The field of Mathematical General Relativity has played a fundamental role in the analysis of solutions to the Einstein equation, such as black holes - arguably one of the most fundamental objects in our understanding of the universe. Understanding stability of black holes has been central to the mathematical endeavor of confirming their relevance as realistic physical objects. If stable, black holes perturbed with gravitational or other form of radiation, after a temporary change, would eventually return to their initial state. The investigator aims to advance the current knowledge of perturbations dynamics by including interaction of electromagnetic radiation with gravitational waves. This interaction is significant as astrophysical black holes are thought to be surrounded by an accretion disk of matter which, in particular, contains electromagnetic waves. The results of this work are shared with the mathematical and physical communities through peer-reviewed publications and seminars and disseminated to the general public through media articles, public lectures and outreach events in schools. The research of the investigator is integrated with educational activities that increase representation of women in mathematics and promote engagement in mathematics among students. Graduate students and postdocs are also to be involved in this research.
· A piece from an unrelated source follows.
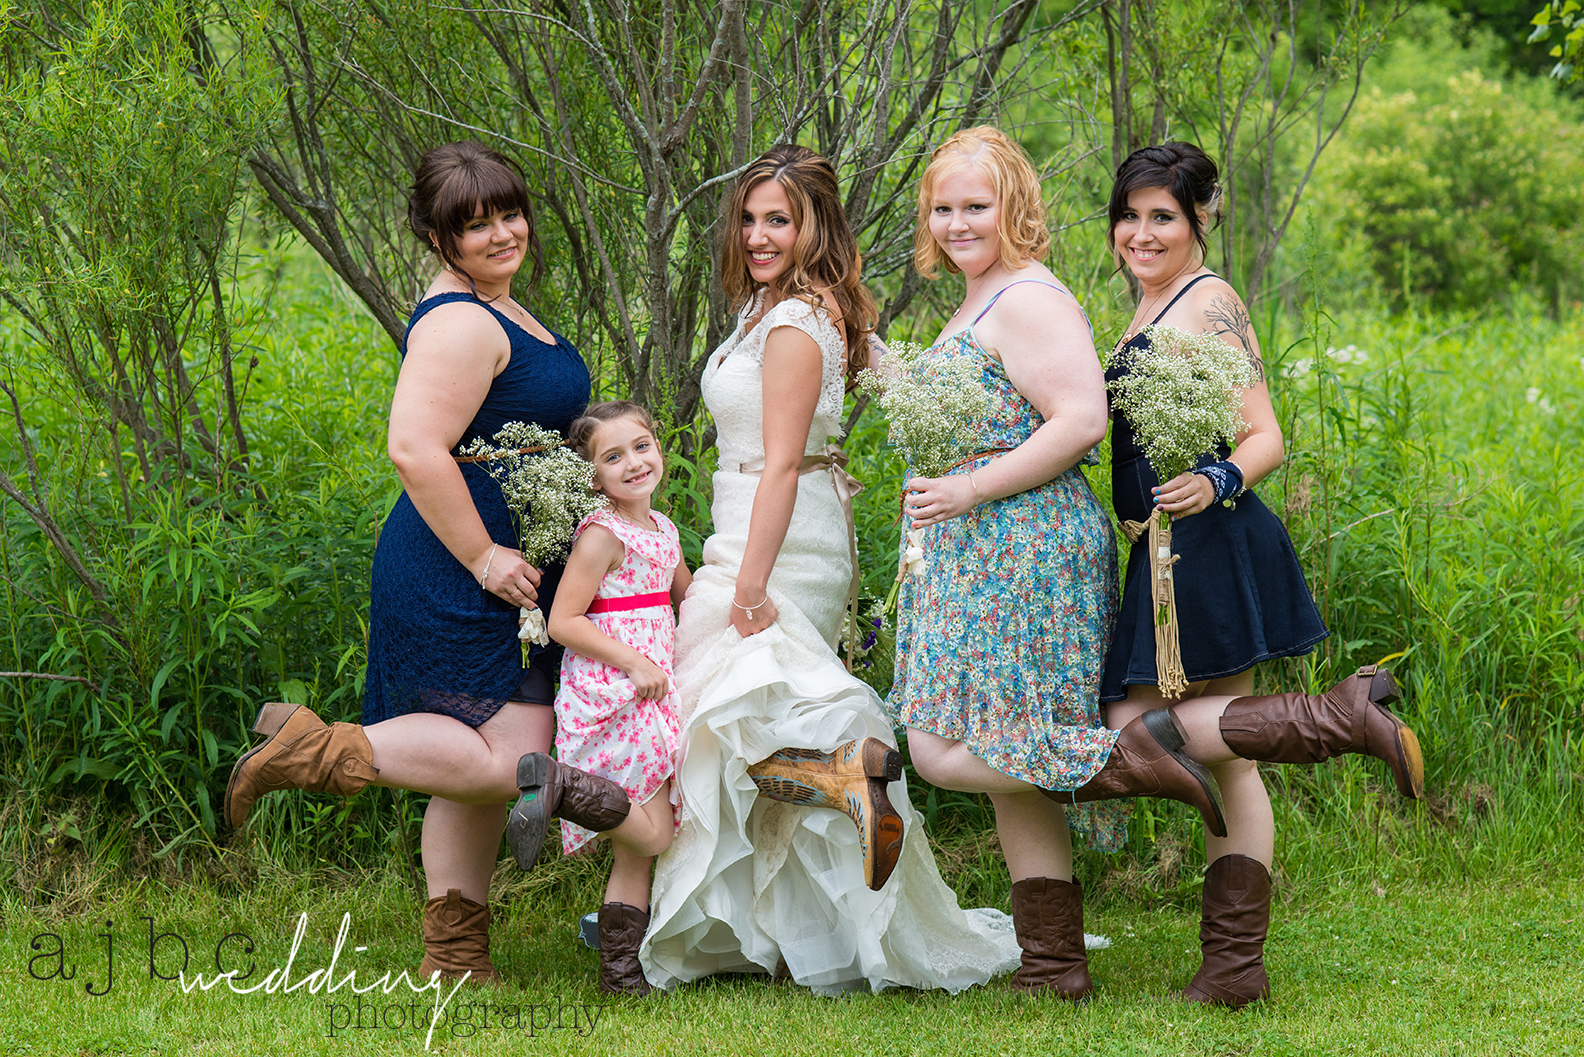 ajbcphotography-port-huron-michigan-wedding-photographer-outdoors-summer-wedding-country-wedding-wadhams-michigan-bride-vintage-wedding-bridesmaids.jpg
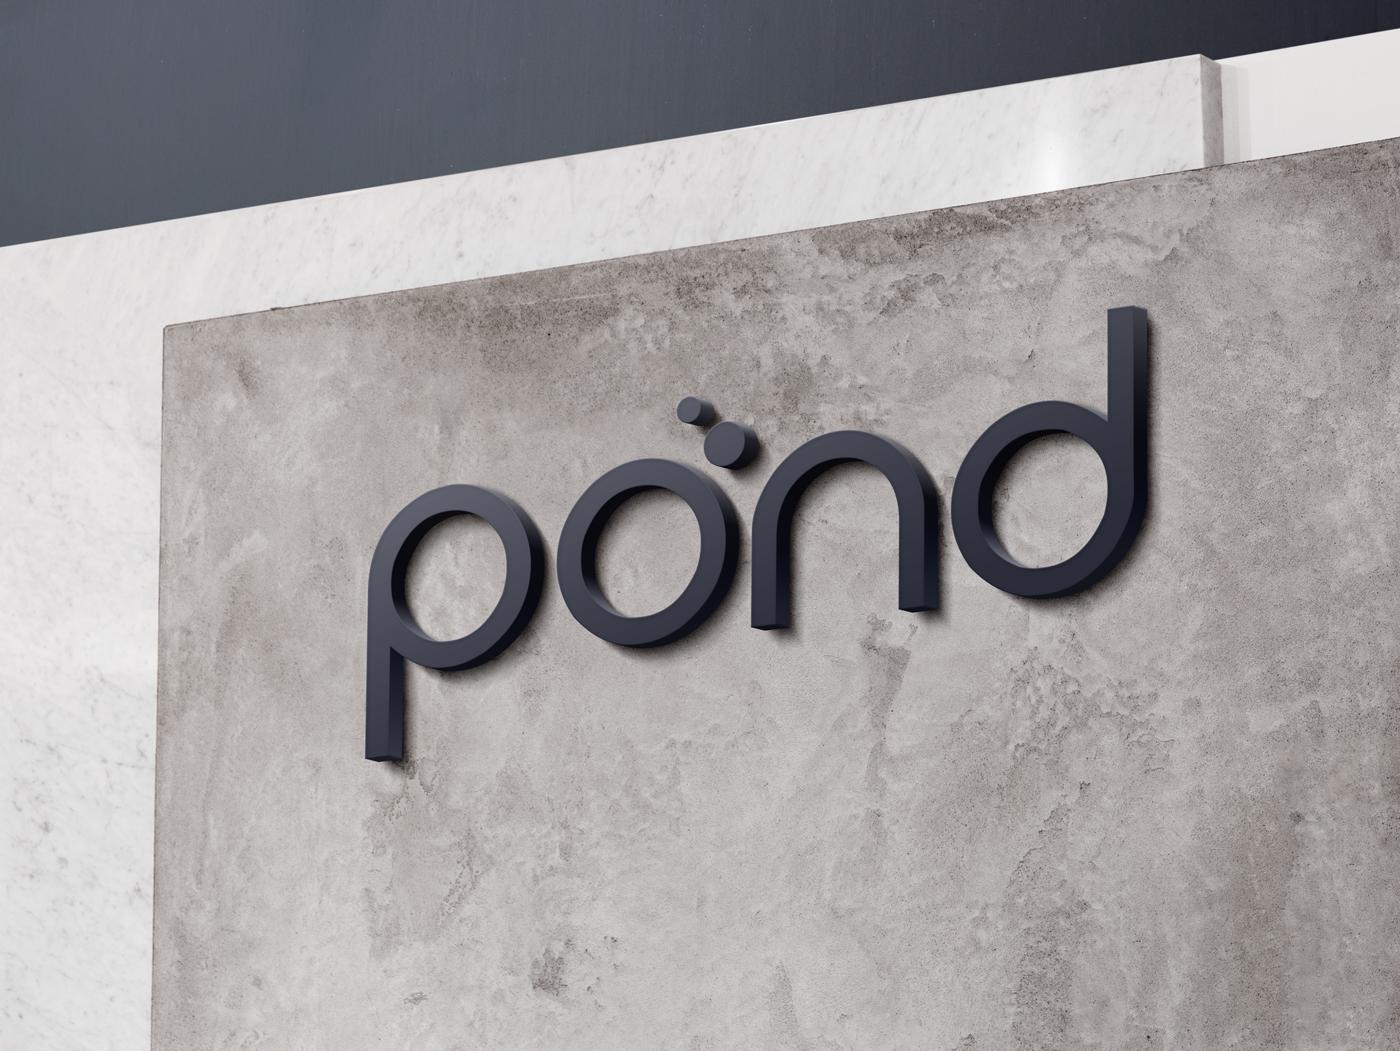 pond biomaterials, maria refsgaard, krims, grafisk design, freelance, selvstændig, aarhus

The project is focused on building a comprehensive approach to analyze interactions between gravitational waves and electromagnetic radiation on rotating and charged black holes. The investigator incorporates new techniques to obtain precise decay for the gravitational and electromagnetic waves on charged black holes by developing a universal method involving a combined energy-momentum tensor for coupled system of wave equations. The goal of the project is to prove the non-linear stability of the most general charged and rotating black hole family and extend the investigator?s collaborative work on the resolution for the Kerr family. In addition, the investigator aims to obtain conservation laws for charged black holes in connection with their canonical energy while allowing control of the gravitational and electromagnetic energy radiated at infinity.

This award reflects NSF's statutory mission and has been deemed worthy of support through evaluation using the Foundation's intellectual merit and broader impacts review criteria.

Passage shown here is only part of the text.